Users must only be allowed to select from a list of already-known companies, or be allowed to request the addition of a new potential business partner.  Each company must have a unique identifier (again, it's a legal obligation) so why don't you get the users to do enough work to know with whom they are dealing?  Surely striking a multi-billion dollar deal with the Acme Widget company is a disaster, when actually you dealt with the Acme Wodget company.

If users don't know who they're dealing with, why oh why are they being allowed to add reference data to a database?

Are your punters so dappy that they can't be bothered to contact Companies House (or the U.S. equivalent thereof) and download a definitive list of all registered companies.  After that, users may only select from legitimate companies, not post code (zip code) plonkers!

<rant off>

<hastily dons asbestos-lined trousers>

 

Regards

T

RE: a question regarding data integrity

(OP)
well you do have a point and it is well taken despite the rant.  but let me ask you a simple question.  Do you want to be the guy that all the account people call every day to add new accounts to the system? Is your time best spent doing rote data entry - or should there be some way to automate that, which is the basis of the attempt at automation.   

actually, i think the single point of entry is the way we're going to deal with it.  Someone (not me) is going to just have to suck it up and do it.
 

RE: a question regarding data integrity

unfortunately, somebody always has to...if not this, then something else...

Leslie

In an open world there's no need for windows and gates
www.ubuntu.com

RE: a question regarding data integrity

Sadly, I fear you're correct.

However, I do think there might be some mileage in downloading a master list from Companies House.  Users could then select, and where the "company doesn't exist" manual intervention would be necessary.  At least that way you would only be fettling the system when essential, not every time someone makes a new business contact.

Also, by assigning a unique company identifier within your system, you immediately simplify the merging problem later on, as you can just transfer the "meat" of the contacts, and ignore the already-known demographic stuff, such as address.

Regards

T

RE: a question regarding data integrity

Star for Tharg - good to see a commonsense approach. I have always found it worrying when a company allows IT guys to make decisions that fall outside their areas of knowledge and make work for others which IT should have been preventing.

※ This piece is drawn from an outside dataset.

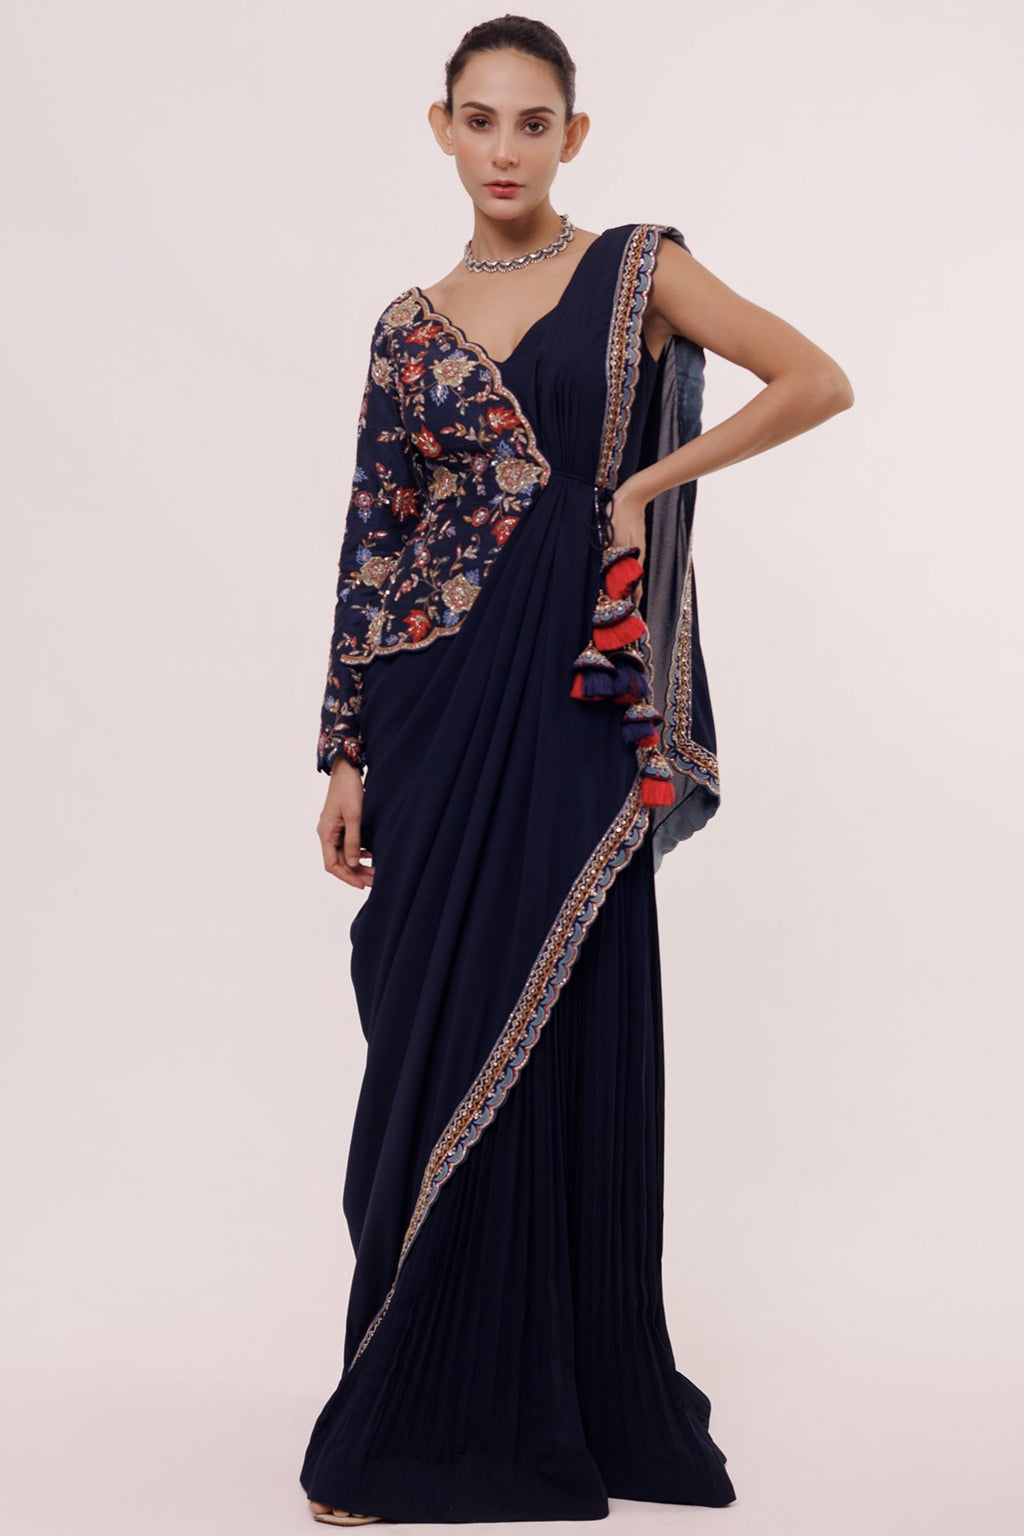 Shop beautiful navy blue drape saree online in USA with embroidered faux jacket. Look your best at parties and weddings in beautiful designer sarees, embroidered sarees, handwoven sarees, silk sarees, organza saris from Pure Elegance Indian saree store in USA.-full view

___________________________________________________________
If you want the best response to a question, please check out FAQ222-2244: How to get the best answers first.
'If we're supposed to work in Hex, why have we only got A fingers?'
Drive a Steam Roller
Steam Engine Prints

RE: a question regarding data integrity

I would think the account people could enter the data as they know it and it be immediately available until verification and validation is performed and the record is finalized?

< M!ke >
Where are we going and why am I in this handbasket?

RE: a question regarding data integrity

(OP)

Quote:


company allows IT guys to make decisions that fall outside their areas of knowledge

this was not an IT decision, and it is hardly something that falls outside of our knowledge.  It was a mangement decision, which IT implemented.  I will grant you that this was an IT oversight, and IT should have recognized that this was not a good idea an advised management accordingly, since it is not management's responsibility to be able to forsee such issues.

 

RE: a question regarding data integrity

Quote:

Users must only be allowed to select from a list of already-known companies, or be allowed to request the addition of a new potential business partner.
This is so naive that I would subtract stars if I could.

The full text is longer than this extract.